Cablevision argues that the statute should be read to apply only to defendants operating from two distinct outlets or operation centers. In support of its position, Cablevision has placed great weight on a 1949 article explaining the Act: Creamer, The Unfair Practices Act of Colorado and Its Recent Amendment, 26 Dicta 162 (1949).
In that article, it is stated:
Persons covered are prohibited from discriminating between different sections, communities or cities or portions thereof, or different locations therein, by selling or furnishing commodities, products, or services at a lower rate in one such section, community or city or portion thereof, or in one geographic location therein, than another. Under such acts, meaning of the geographic divisions is quite clear, and the word `location' is used as synonymous with `outlet' in business parlance, the intention being to prevent baseless price differentials in different outlets, in the same area, belonging to the same purveyor of commodities, products, or services.
26 Dicta at 64
Cablevision's interpretation of the Act, and of the above explanation of the Act, is too narrow. The Act is unambiguous; it is intended to apply whenever a business charges different prices to purchasers based on geographic differences with an intent to drive out competition in one geographic area. There is no stated requirement in the Act that a business have two or more mailing addresses before the Act will apply. A business needs only to discriminate in price based on geographic territories. Any other interpretation would strain the plain meaning and intent of the statute.

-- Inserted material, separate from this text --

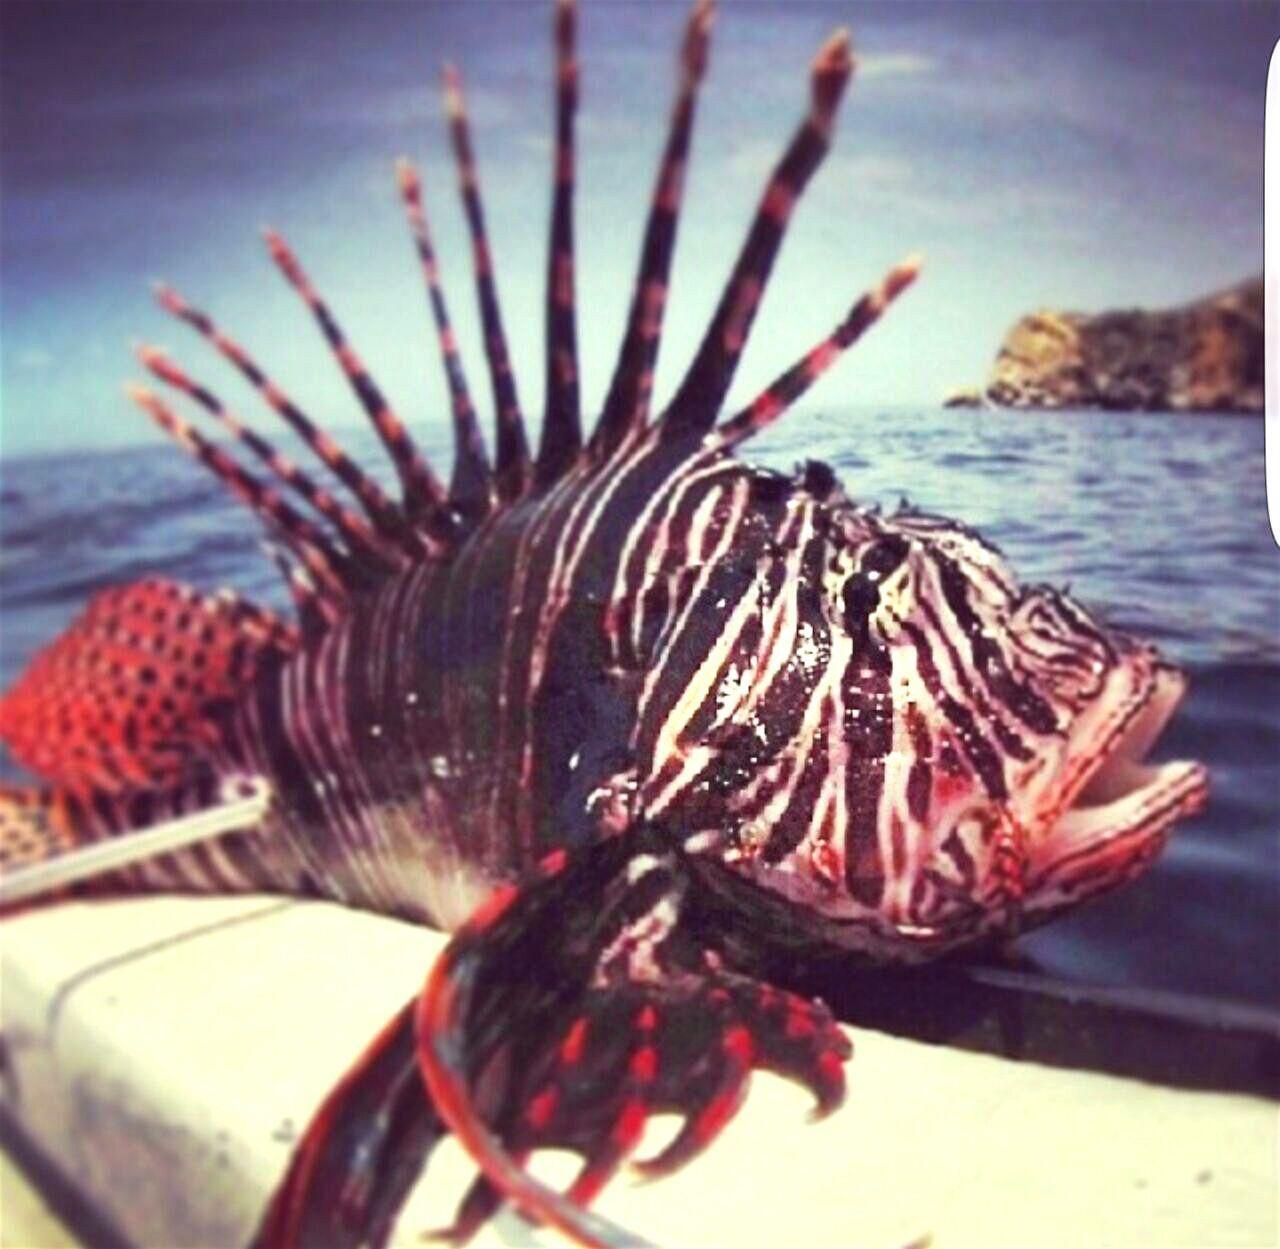 The Great Outdoors - 2017 EyeEm Awards Pezleon One Animal Seafood Water PescaSubaquática Spearfishing Seascape Photography Cumaná Mochima Underwater UnderSea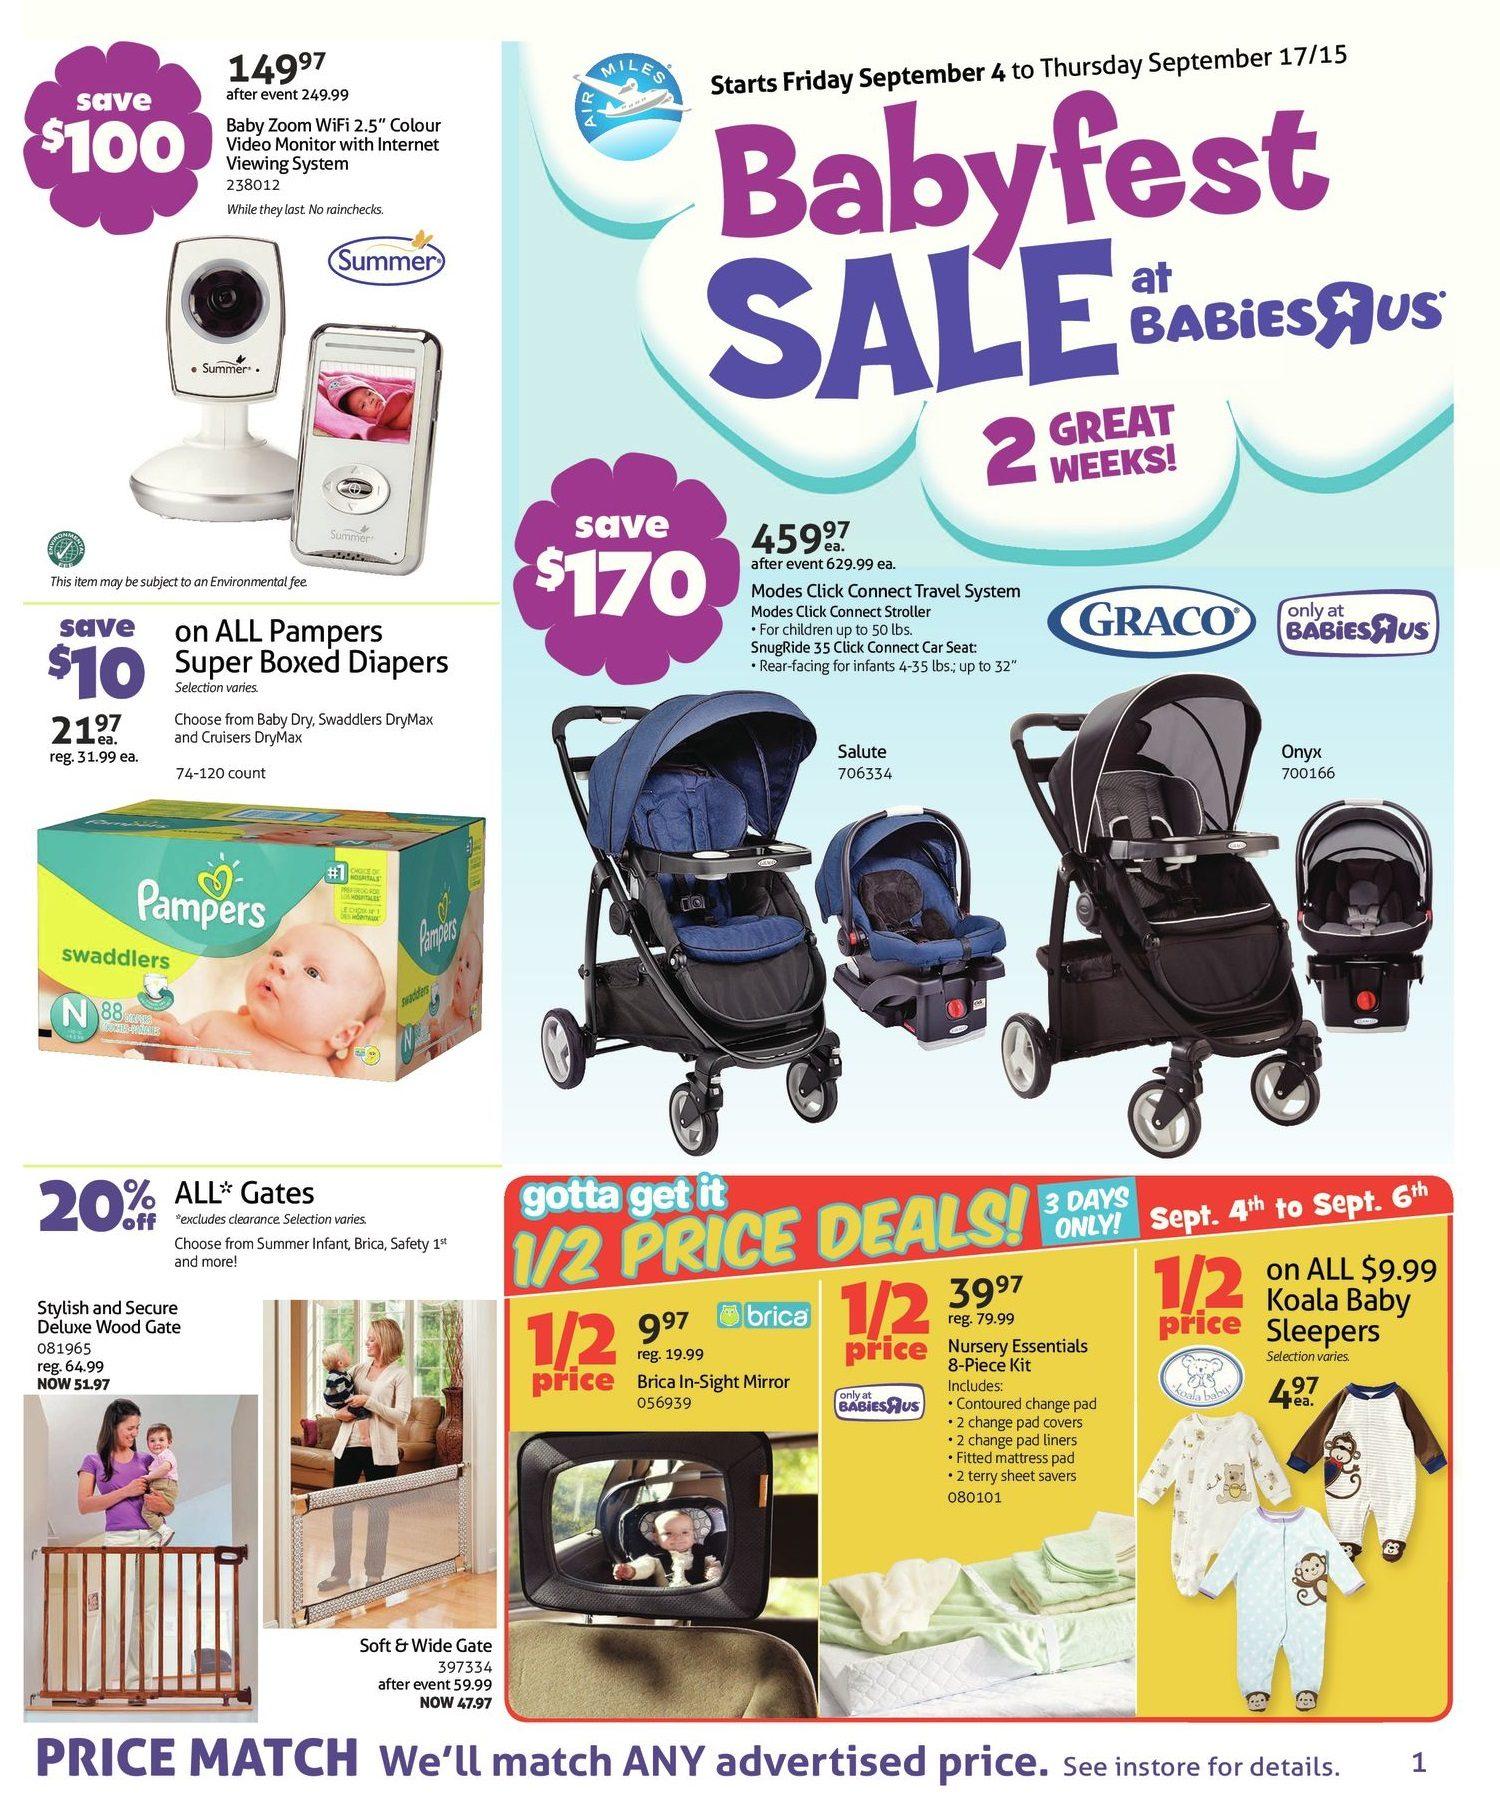 089a7393a Babies R Us Weekly Flyer - 2-Week Sale - Babyfest Sale - Sep 4 – 17 -  RedFlagDeals.com

In Harris v. Columbia Records Distributing Corp., supra, the court held that the original purpose of the California Unfair Trade Practices Act, similar in from to the Colorado Act,
was to prevent a monopolistic practice by which a large retail chain would lower its price at a store in one area, constituting a severable market, until the competition form smaller, local businesses in that community had been eliminated, concurrently offsetting the losses it thus suffered by charging higher prices in its other areas of operation. After the demise of competitors, the chain outlet would then realize monopoly profits, and the procedure of attrition would be repeated elsewhere. 50 Cal.Rptr. at 542, 413 P.2d at 142.
Here, Cablevision has admitted charging two different sets of rates in two geographically based areas in Colorado Springs. Plaintiffs allege that Cablevision, in effect, "cut up" the Colorado Springs area into two distinct business territories. In one area it was competing with another cable company and sought to undercut its *9 competition. In another area, where plaintiffs received cable service from Cablevision, it had no competition. Plaintiffs contend that because they lived in a geographic area where Cablevision had no competition, Cablevision charged monopolistic prices to negate any loss it might sustain while attempting to drive out its competition in the other area. If proven, this is exactly the kind of price discrimination the Act seeks to prohibit, and Cablevision is not insulated.
Accordingly, the judgment is reversed, and the cause is remanded to the trial court for further proceedings.
STERNBERG, C.J., and MARQUEZ, J., concur.